Guilty will be punished: Sonia
Sonia's visit coincided with public upsurge over police firing in Assam where 9 people, including 2 cops, were killed.india Updated: Feb 12, 2006 22:07 IST
Congress President Sonia Gandhi on Saturday kicked off the party's election campaign in Assam promising that the central government would soon announce an economic package to boost the beleaguered tea industry in the state.
"Very soon the central government would be announcing a special package for the uplift of the tea industry. We are concerned since the tea industry is passing through a rough phase and hence the incentives," Gandhi told a rally of Congress supporters in this garrison town of Tezpur in northern Assam.
She said the ruling Congress government in Assam has brought about rapid development in the state, but urged party workers to continue working to keep communal forces at bay.
"As elections draw closer communal forces are trying to vitiate the atmosphere. We need to be cautious and fight such forces," Gandhi said. Elections to the 126-member Assam legislature are expected in April-May.
Sonia Gandhi's visit coincided with the massive public upsurge over police firing in eastern Assam where nine people, including two paramilitary troopers, were killed on Friday.

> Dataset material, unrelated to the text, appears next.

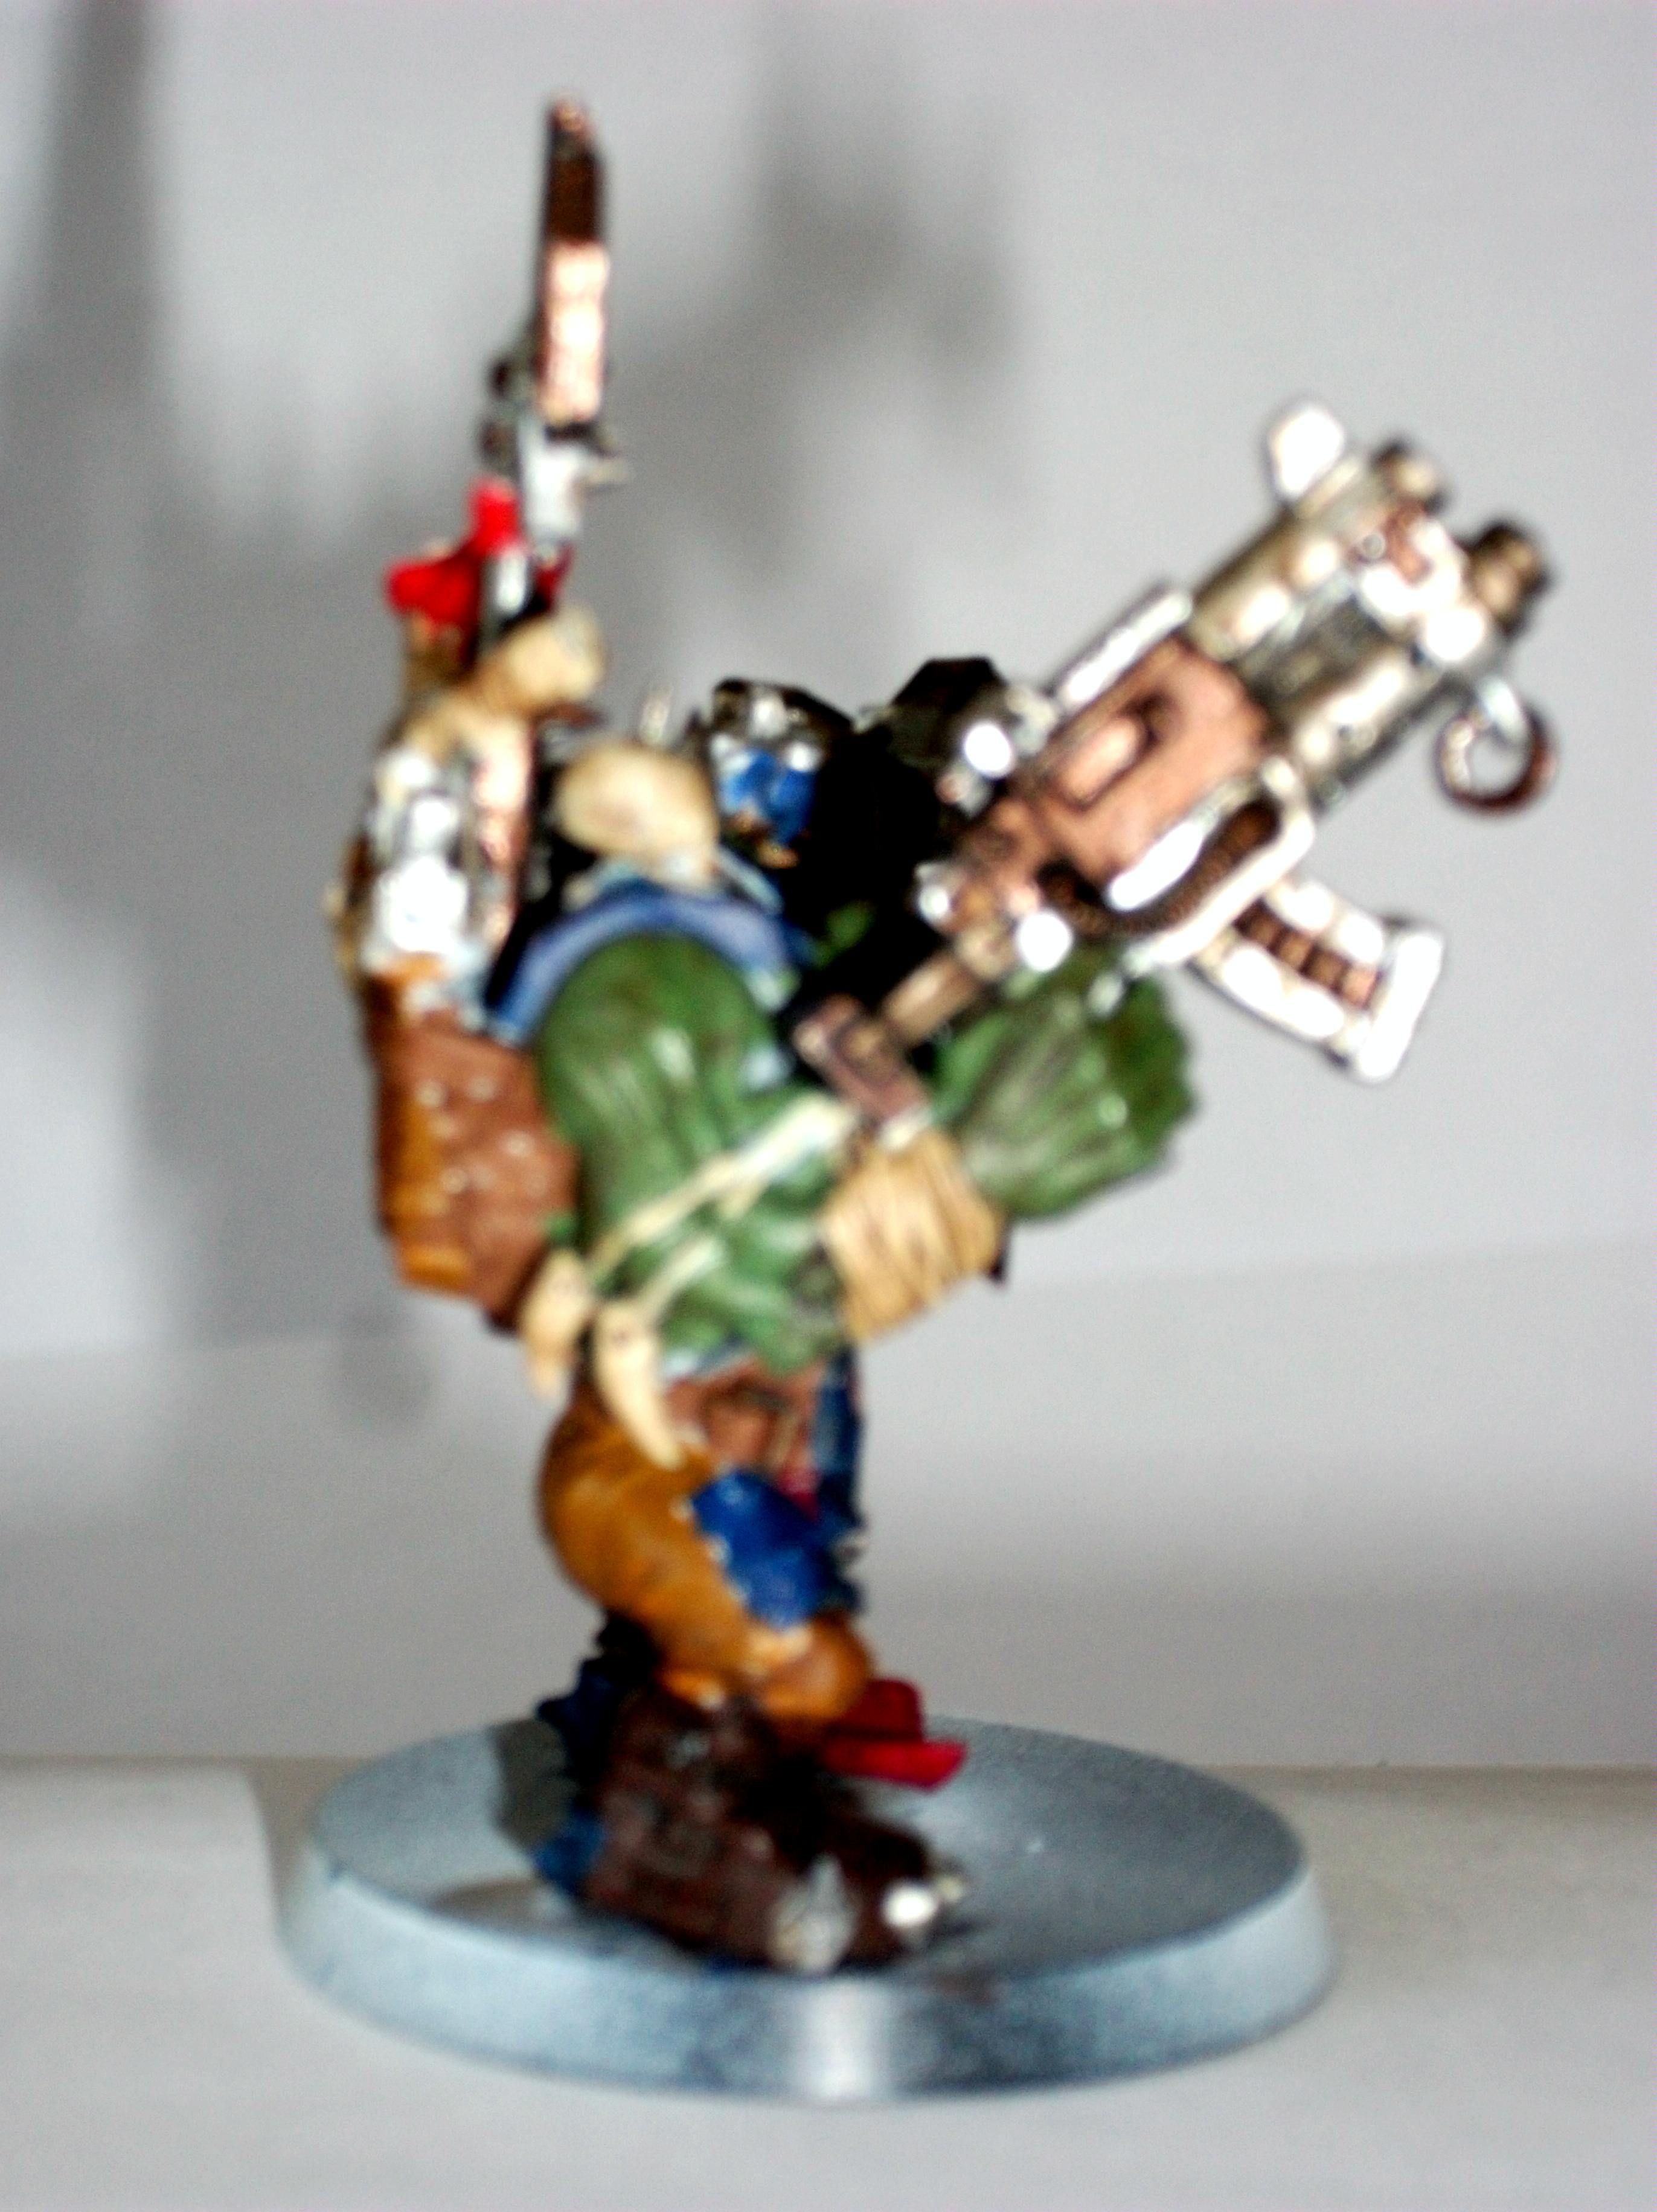 Blurred Photo, Orks, Warboss, Warhammer 40,000

Police opened fire when thousands of people tried to set ablaze a police station and storm an army outpost over the alleged death of a villager in army custody.
"Any soldier found guilty in the attack would be punished and we have taken up the matter with Defence Minister Pranab Mukherjee," Gandhi said.
She also announced financial assistance of Rs.300,000 to the next of kin of those who died and free education to their children.
Gandhi is scheduled to lay the foundation stone of the Fakruddin Ali Ahmed College in Barpeta in western Assam. She will later inaugurate the Rajiv Gandhi Indoor Games Stadium near Guwahati.
Gandhi's visit to Assam comes a day after New Delhi decided to amend the Foreigners Act by introducing tribunals where all suspected migrants could appeal against charges of illegal migration. A tribunal hearing is not mandatory in the rest of India under the Foreigners Act of 1946.
The Supreme Court in July last year repealed the controversial Illegal Migrants (Determination by Tribunals) Act. The 22-year-old act was replaced with the Foreigners Act.
Through the amendment, the Congress hopes to make up for lost ground in Assam by wooing the Muslims, promising them a fair hearing and not summarily deporting them after declaring them as aliens.
Muslims in Assam, who account for about 30 per cent of the state's 26 million people, have for decades been at the centre stage of electoral politics with the community holding the key in at least 40 of the 126 assembly constituencies.
The Muslims and the Bengali speaking linguistic minority voters in Assam were traditionally Congress supporters.